Because righteousness is by faith, and they refused to believe
[30a] What then shall we say? That the Gentiles, who did not pursue righteousness, have obtained righteousness?
[30b] Even the righteousness which is by faith.
[31-32] Israel, on the other hand pursuing the law of righteousness, did not attain to the law. Why? Because they pursued it not by faith, but as if it were by works.
[30a] If the above is spoken in the person of the apostle, he here once more imagines that they could say: ‘If it is not the case, as we say, that it does not depend on the one who wills or on the one who runs (cf. Rom. 9: 16), why have the Gentiles found righteousness, which they never sought before, while Israel could not find it, although they have always sought it?’ But if the whole of the above thought is attributed to those who are bringing objections, the apostle here replies and briefly reviews the question by saying: ‘What shall I say to these objections that are presented to us, except that the Gentiles believed as soon as they were called, and that the Jews refused to believe?’
[30b] Because righteousness is by faith, and they refused to believe.
[31-32] He explains once again why they did not find righteousness: because, having wrongly gloried in works, they refused to believe and, as if they were righteous, spurned grace.
Pelagius explains the Jews refused Christ because they did not believe righteousness is by faith and not by works [of law].
they refused to submit themselves to the forgiveness of sins
For since they did not know of God’s righteousness and sought to establish their own, they did not submit to God’s righteousness.
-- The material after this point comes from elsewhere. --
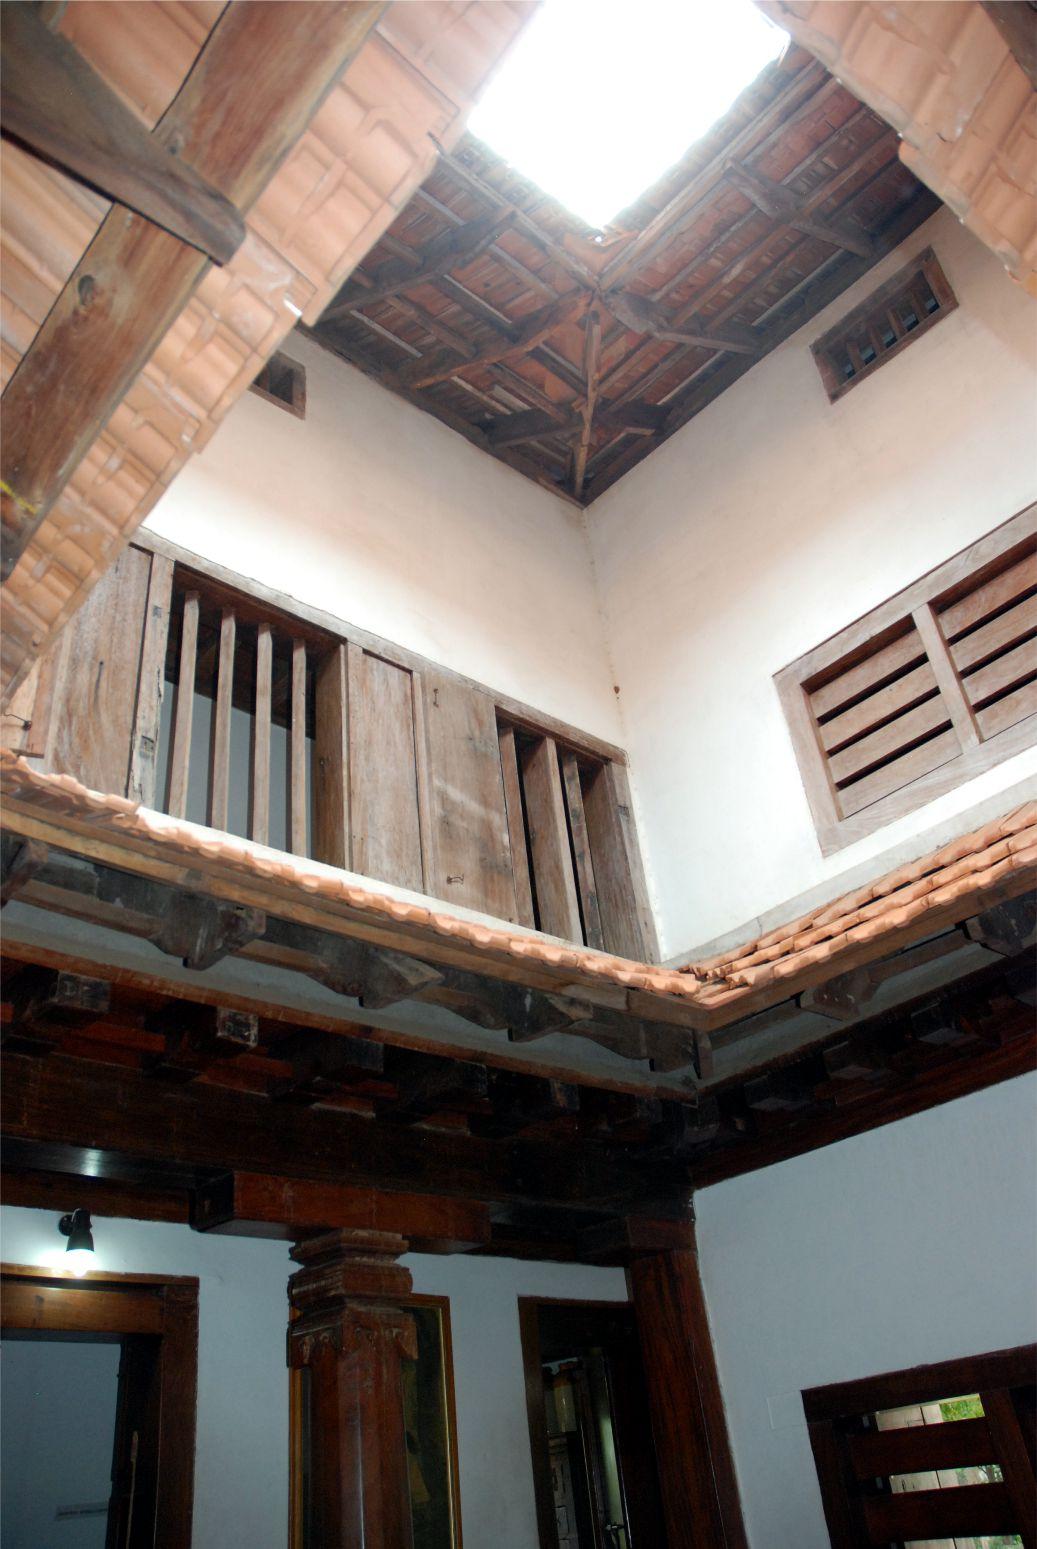 Ennek kétszinten lakóháznak is nyitott a közepe az ég felé. A nyitott középső részt körülvevő kis folyosóról nyílnak a szobák.

Because they did not know that God justifies by faith alone, and because they thought that they were righteous by the works of a law they did not keep, they refused to submit themselves to the forgiveness of sins, to prevent the appearance of their having been sinners.
The Jews refused to repent and accept forgiveness, because in doing so they would have to admit they were sinners.
Israel thought it was justified solely by works of the law
 A remnant has been saved according to the election of grace.
[6a] But if by grace, then not by works.
[6b] Otherwise, grace is no longer grace.
[6c-7] But if it be of works, then is it no more grace: otherwise work is no more work. What then? Israel has not obtained that which it seeks for;
 The election of grace is faith, just as works are the election of the law. Otherwise, what sort of election is it, where there is no difference in merits?
[6a] In case they replied to him about those concerning whom the word comes to Elijah:
‘They were righteous; why were these sinners elected?’,
he added that they too are saved freely, just as the Gentiles.
[6b] Because to bestow gratuitously is called ‘grace’.
[6c-7] Israel as a whole has not obtained righteousness, because it did not seek it by faith, but thought that it was justified solely by works of the law, though it disregarded the greatest commandments of the law. This is why the Savior censures those who strain a gnat and swallow a camel (Cf. Matt. 23:24).
Pelagius says the Jews thought they were justified solely because of their observance of the works of law. He refers to what Jesus says of them in the gospel.
Overall, Pelagius’ repeated mention of grace, forgiveness and Christ’s death seem out of character for one who argued prior to salvation, unbelievers could do good works of their own will. However we might want to make a distinction between his exegetical works and his systematic theology.
In the next post we look at Pelagius’ opponent Augustine of Hippo. Augustine (c.e. 354–430) was an early Christian theologian whose writings had massive influence over Western Christianity including Roman Catholicism and the Reformers. He was the bishop of Hippo Regius, located in Numidia (a Roman province of Africa). He is viewed as one of the most important Church Fathers in Western Christianity for his writings in the Patristic Era. Among his most important works are The City of God and Confessions.